On tropical reefs, corals provide topographically complex habitat for hundreds of thousands of species (Fisher et al. 2015) and economic goods and services for millions of people (Moberg & Folke 1999). However, recent natural and human-induced stressors (Harvell et al. 2007, Hoegh-Guldberg et al. 2007, Hughes et al. 2017) have decimated these foundation species, with many reefs transitioning to structurally simplified systems with low coral cover and increased cover of macroalgae that compete with corals (Mumby & Steneck 2008, Hughes et al. 2010). As competitive interactions between corals and macroalgae increase, macroalgae are expected to hasten coral decline, limit coral recovery (Burkepile & Hay 2008, Mumby & Steneck 2008, Hughes et al. 2010), and enhance macroalgal resilience via positive feedbacks (Hoey & Bellwood 2011, Dell et al. 2016, van de Leemput 2016). Macroalgae can harm corals via physical mechanisms such as shading, abrasion, and overgrowth (McCook et al. 2001), chemical mechanisms such as allelopathy (Rasher et al. 2011, Vieira et al. 2016), suppression of coral settlement (Kuffner et al. 2006, Paul et al. 2011, Dixson et al. 2014), or disruption of coral microbiomes that protect against coral pathogens (Nugues et al. 2004, Smith et al. 2006, Barott et al. 2012, Zaneveld et al. 2016). Macroalgae also alter coral interactions with corallivores (Wolf & Nugues 2013, Clements & Hay 2015, Brooker et al. 2016).
Despite evidence that macroalgal competition harms corals (McCook et al. 2001, Birrell et al. 2008), there are few field-based manipulative experiments investigating the long-term consequences of macroalgal competition for coral fitness (e.g., Box & Mumby 2007, Hughes et al. 2007, Ferrari et al. 2012a). Especially lacking are investigations of how the density of macroalgae, and the proximity to natural, multispecies assemblages of macroalgae common to degraded reefs affect corals. Studies to date have focused primarily on the impacts of an individual macroalga on an individual coral, rather than how impacts vary with macroalgal density or when contacting single species (experimentally) versus the multispecies assemblages that occur in the field.
We conducted manipulative field experiments to investigate the long-term effects of macroalgal competition on growth and survivorship of the corals Acropora millepora and Porites cylindrica, both common to Indo-Pacific reefs. We used a coral-dominated, no-take Marine Protected Area (MPA) and adjacent macroalgal-dominated fished area to investigate: 1) the long-term effects of differing macroalgal cover on coral growth and survivorship, 2) whether a history of macroalgal presence altered coral resistance or resilience to competition, 3) the effects of algal density on coral growth and survivorship, and 4) the resilience of coral growth following algal removal.
MATERIALS AND METHODS
Study site and organisms
This study was conducted within neighboring sections of shallow (1.5–2.5 m deep) lagoonal back reefs that were either coral-dominated (a no-take MPA) or macroalgal-dominated (a fished area) at Votua Village along the Coral Coast of Viti Levu, Fiji (18° 13.05’S, 177°42.97’E).
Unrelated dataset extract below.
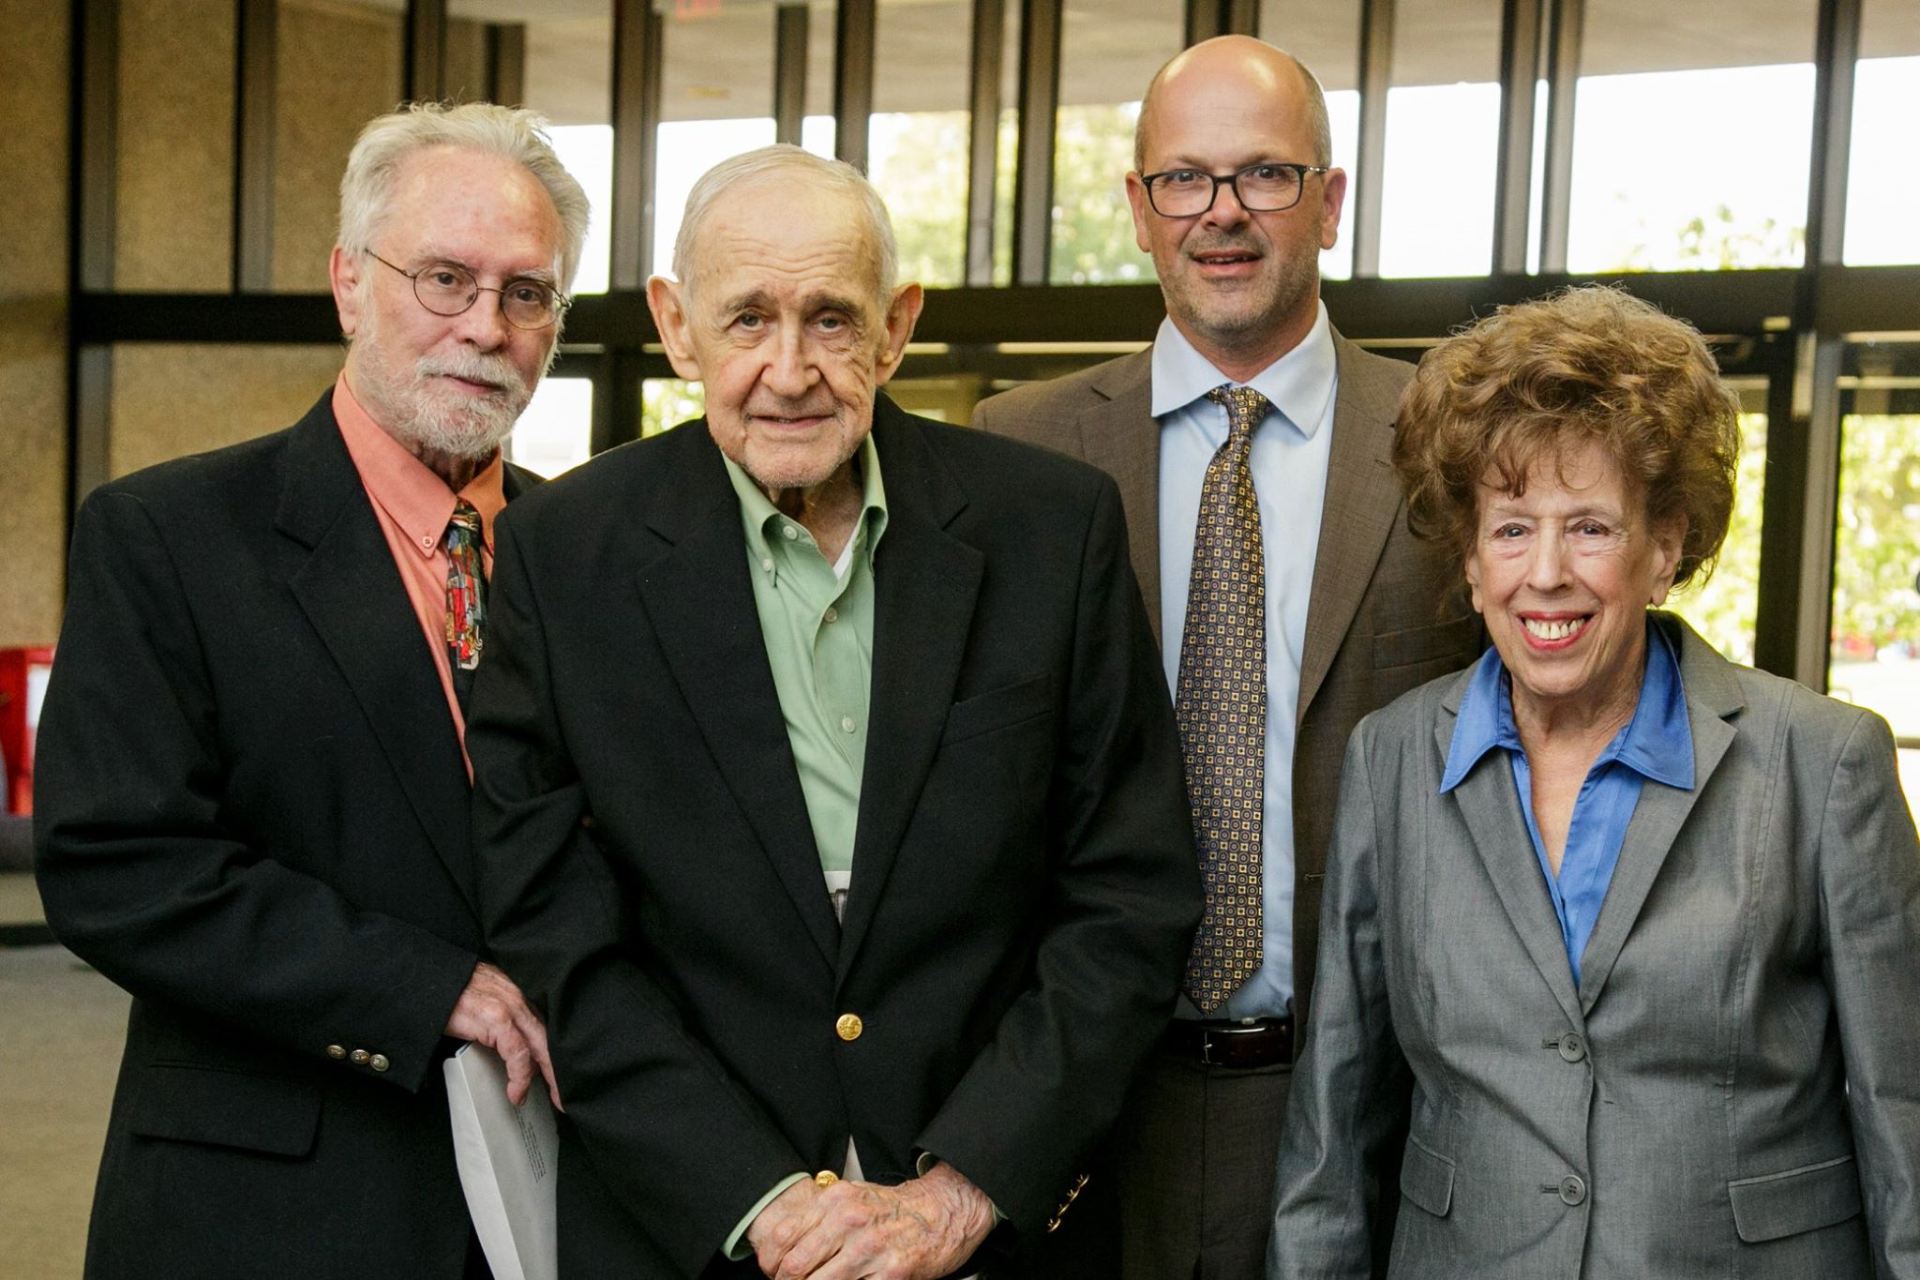 From left, Dr. David Patterson, Edward M. Ackerman, Dr. Nils Roemer and Dr. Zsuzsanna Ozsváth at the Burton C. Einspruch Holocaust Lecture in 2016.

Both areas are similar in depth and physical regimes, but differ in reef community assemblages, which diverged from a similar benthic state across the entire area when the MPA was established about ~11 years before our experiment (Simpson 2010). Within the MPA, corals are now abundant (~55% cover) and macroalgae rare (< 3%) on hard substrates, while the fished area supports few corals (~4% cover), few herbivorous fishes, and high cover of macroalgae (~91%; Rasher et al. 2013).
Our study consisted of two field-based manipulative experiments assessing the long-term (3–9 month duration) effects of macroalgae on coral growth and survivorship. In each case, we used the corals Acropora millepora and Porites cylindrica (hereafter Acropora and Porites), which are common on reefs throughout the Indo-Pacific and are representative of coral families differing in growth rates (Darling et al. 2012) and tolerances to various stressors (e.g., macroalgal allelopathy, Acanthaster spp. predation, bleaching; Pratchett 2007, Rasher et al. 2011, Bonaldo & Hay 2014).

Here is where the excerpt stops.